Atheists and the very religious fear death the least


I was interested in this article about the fear of death.

A team of researchers analyzed 100 relevant articles published between 1961 and 2014, containing information about 26,000 people worldwide and their feelings about death. They found that higher levels of religious belief were only weakly linked with lower death anxiety. The paper, which was published in the journal Religion, Brain and Behavior, also showed that strong religious believers and non-believers appeared to fear death less than those in between.

“It may be that other researchers would have found this inverse-U pattern too if they had looked for it,” said Dr. Jonathan Jong, a research associate at the Institute of Cognitive and Evolutionary Anthropology and research fellow at Coventry University, who led the team of researchers. “This definitely complicates the old view, that religious people are less afraid of death than nonreligious people.

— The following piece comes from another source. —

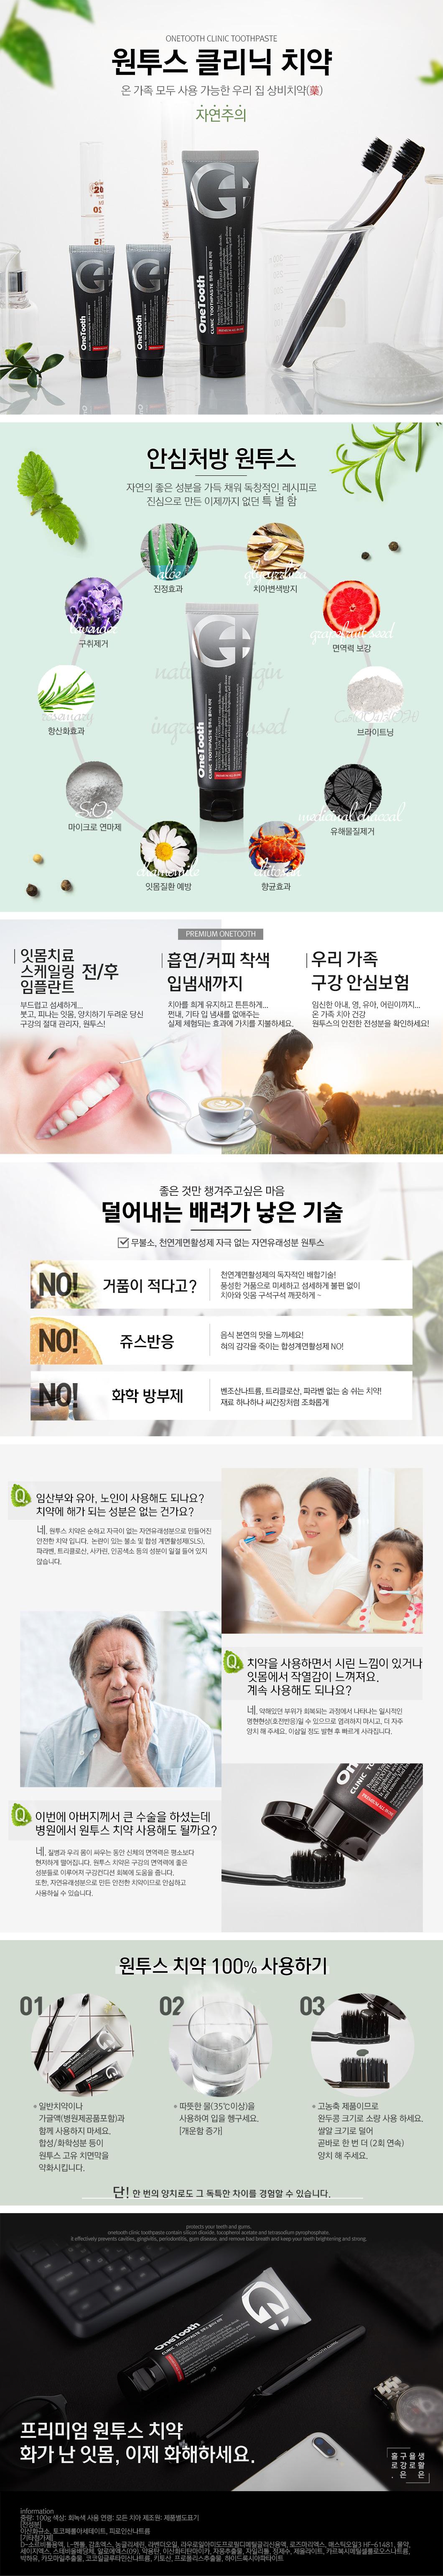 onetooth_toothpaste.jpg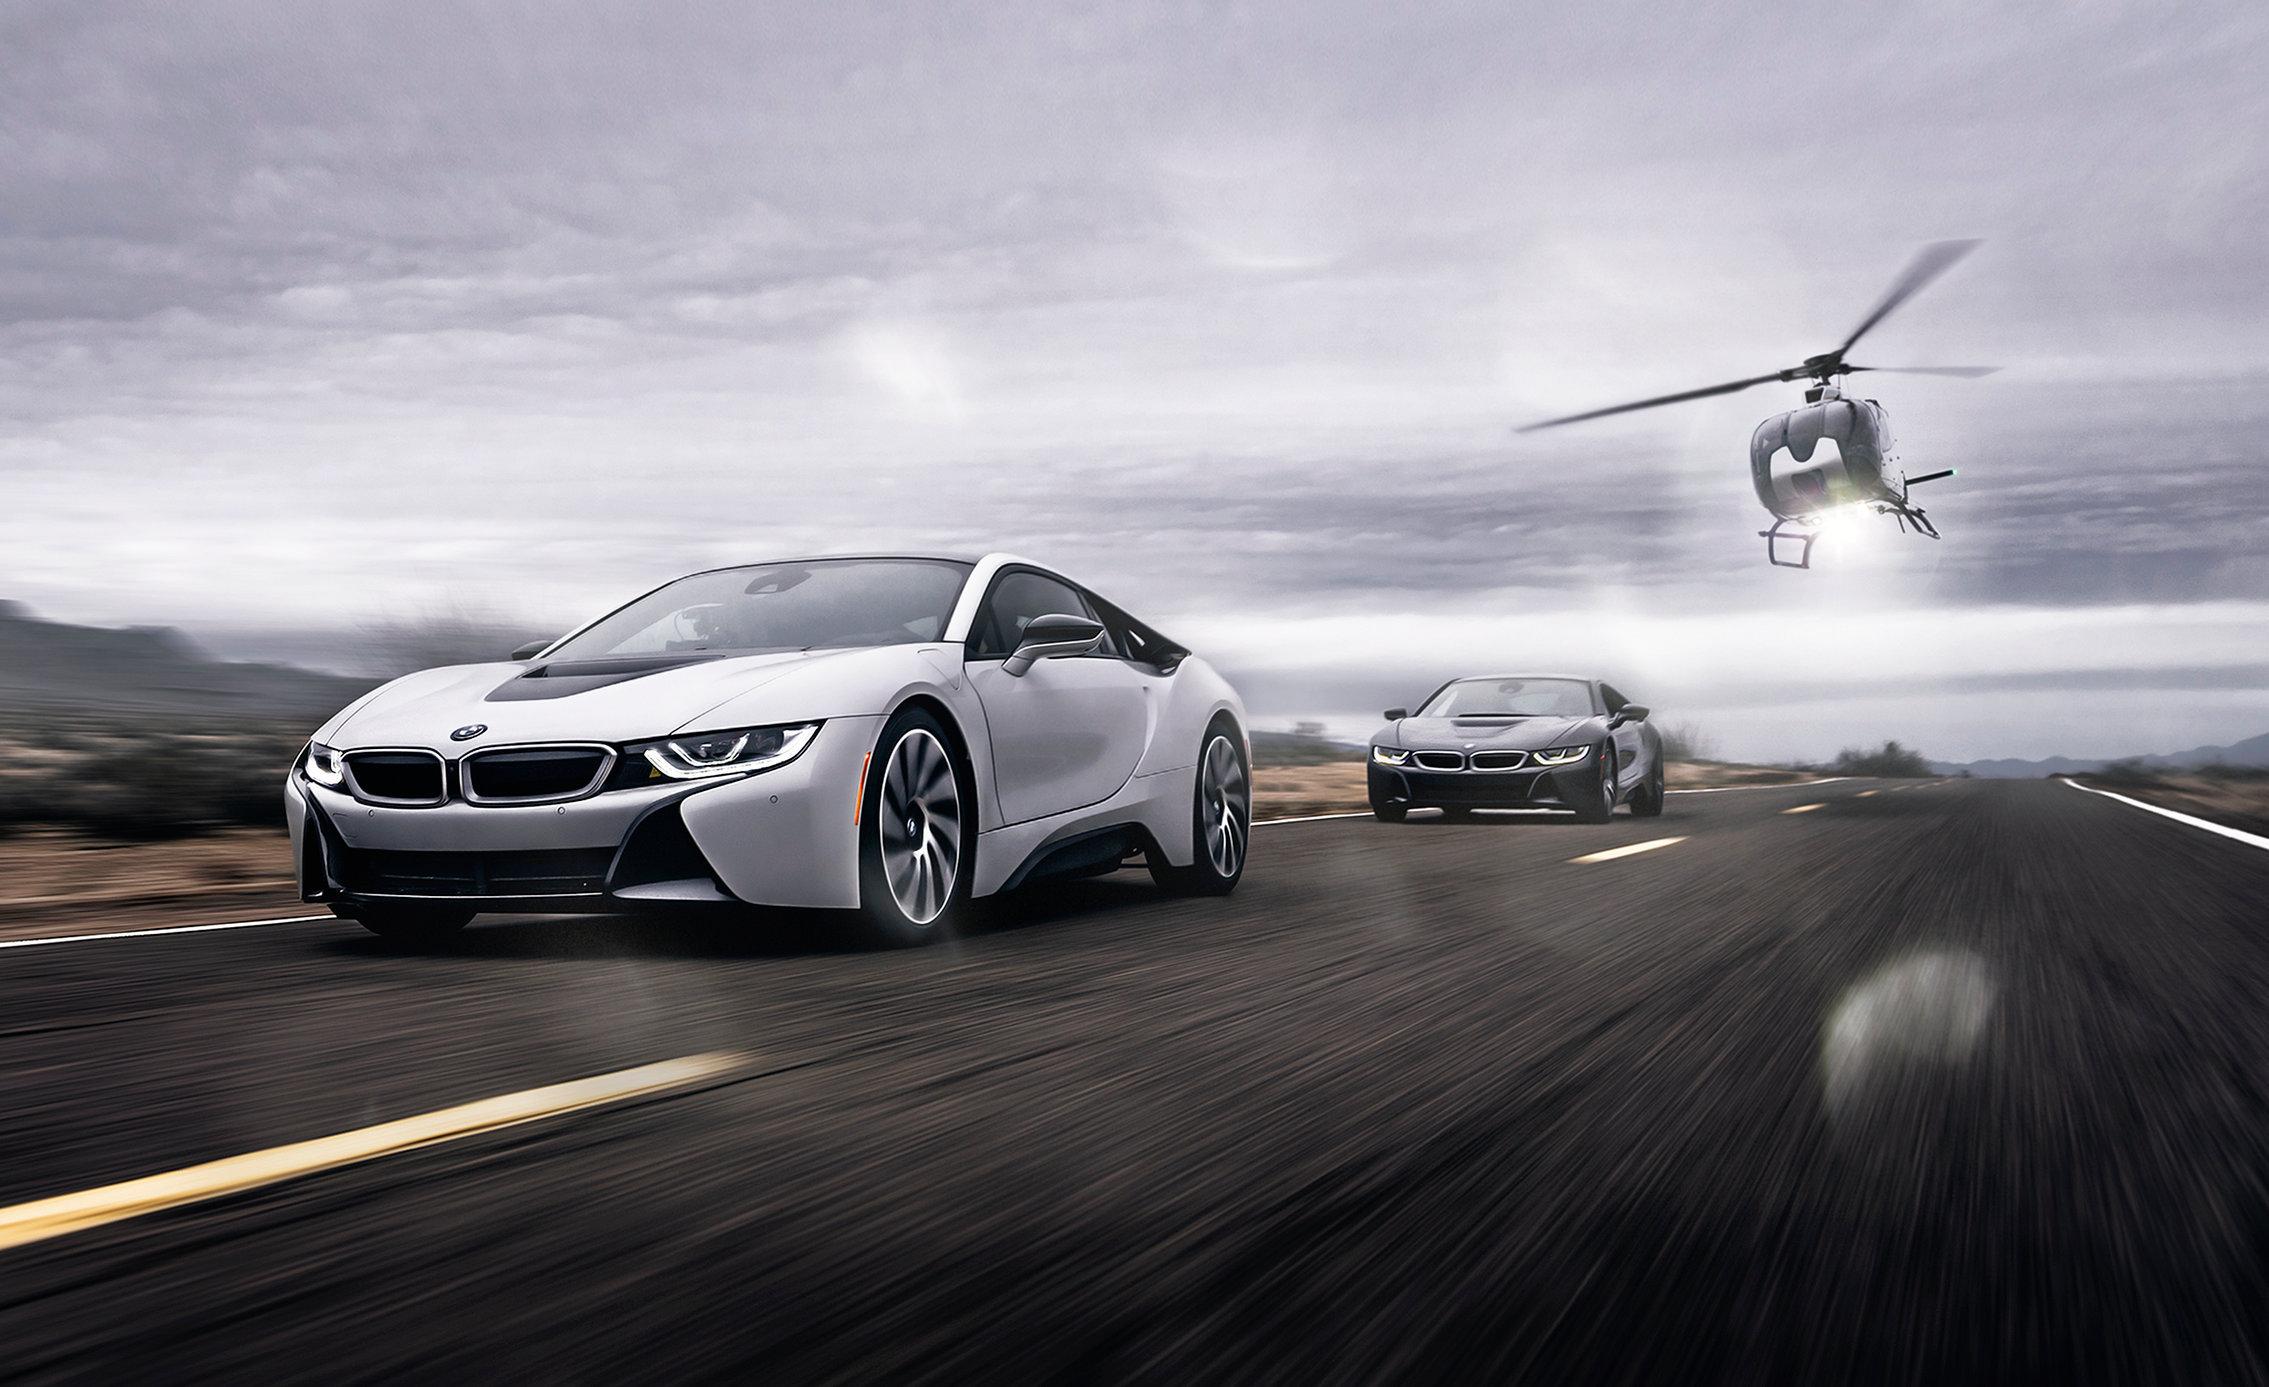 BMW CES heilcopter chase FINAL FINAL PORT FINAL.jpg

It may well be that atheism also provides comfort from death, or that people who are just not afraid of death aren’t compelled to seek religion.”

More than half of the 100 studies showed no link at all between anxiety over death and religiosity, while 18 percent found that religious people were actually more afraid of death than the non-religious.

Despite Jong’s assertion that his results confound old views, it should not really be that surprising. For many people, fear of death arises from the sense that they may encounter an awful afterlife. Because all of us have done things that are wrong, those who are religious may fear divine or cosmic retribution. The exceptions are those who are very religious and confident that they come out on the credit side of god’s ledger and those who are atheists who realize that the entire idea of an afterlife is bunk. Death may not be something that atheists look forward to but it is not something to fear.

Comments

  1. says

    “Religious belief” -- all religions, or just the predominant ones in the areas surveyed? Different religions have very different approaches to death; I am very skeptical that thist study has done anything more than measure bias in their data.

  2. mnb0 says

    I suspect it went the other way for me -- already as a 9, 10 year old boy I realized that being dead was nothing to be afraid of -- well before I even began to consider the god question.

  3. Bruce H says

    I fear death in the sense that I would much rather go on living. As an atheist, I realize that the afterlife is, as you say, bunk. So, I guess you could say that I fear dying. Death? Not so much.

  4. hyphenman says

    Good morning Mano,

    I had a conversation this weekend concerning deathbed confessions. While one might make the argument that some moral or ethical standard could encourage a person facing imminent death to reveal some secret, my understanding is that our laws grant special status to confessions or revelations made moments before impending death because a person fears that dying with unconfessed sins endangers their immortal soul.

    If that is the case, then might an attorney argue that testimony from a dying atheist is not admissible because of a lack of fear of hell?

    Clearly such laws belong in the Dark Ages and should be removed from the books.

    Cheers,

    Jeff Hess
    Have Coffee Will Write

  5. John Morales says

    Obligagory Epicurus:

    Death, therefore, the most awful of evils, is nothing to us, seeing that, when we are, death is not come, and, when death is come, we are not.

    Of course, there’s a difference between death and dying — one is a (non) state and the other is a process.

  6. Holms says

    It may well be that atheism also provides comfort from death, or that people who are just not afraid of death aren’t compelled to seek religion.

    I would not be surprised if there was no statement such as those above that could possibly br broadly applicable, people will have different motivations not only for seeking religion / being an atheist, but also for fearing / not fearing death.

    As for my perspective, I remember the time I first discovered the concept of death. The family dog died when I was about four, and so I discovered that life can come to a permanent end. I was terrified, and on the strength of my fear of death, I asked my mum if there’s a way to come back and have another life afterward, and hey maybe we can have a whole series of lives in a row.

    The significance occurred to me years later: a scared kid had independently invented the concept of cyclic reincarnation out of fear of death. I’m sure most religious people will never say they are religious out of a fear of death, but the motivation is definitely there for some, even if it is buried deep.

  7. odgraphix says

    I grew up in a funeral home so I have no fear of death. What I would not want, however, is a preacher of some sort associating my non-theist existence with the fantasy of an afterlife dominated by some triune god. People must stop associating death rituals with religion simply because it is the default option; religions don’t need to own that ceremony.

  8. says

    hyphenman@#4:
    It’s always seemed to me that deathbed confessions are more of an admission that the religion knows there’s really no afterlife. It’s basically, “whew, I’ll be beyond your reach soon, so I can tell the truth.” If believers really believed all that stuff they’d be in a panic of terror facing death because most of them would know what’s (allegedly) coming.

  9. says

    Holms@#6:
    The significance occurred to me years later: a scared kid had independently invented the concept of cyclic reincarnation out of fear of death.

    It’s scared kids all the way down.

  10. hyphenman says

    @Marcus, No. 8,

    That may be. What I was trying to examine, however, is why our legal system grants special weight to such confessions.

    Someone who doesn’t believe in a literal hell might be motivated to issue one final, and unaddressable, “fuck you” as an act of revenge for some real or imagined wrong.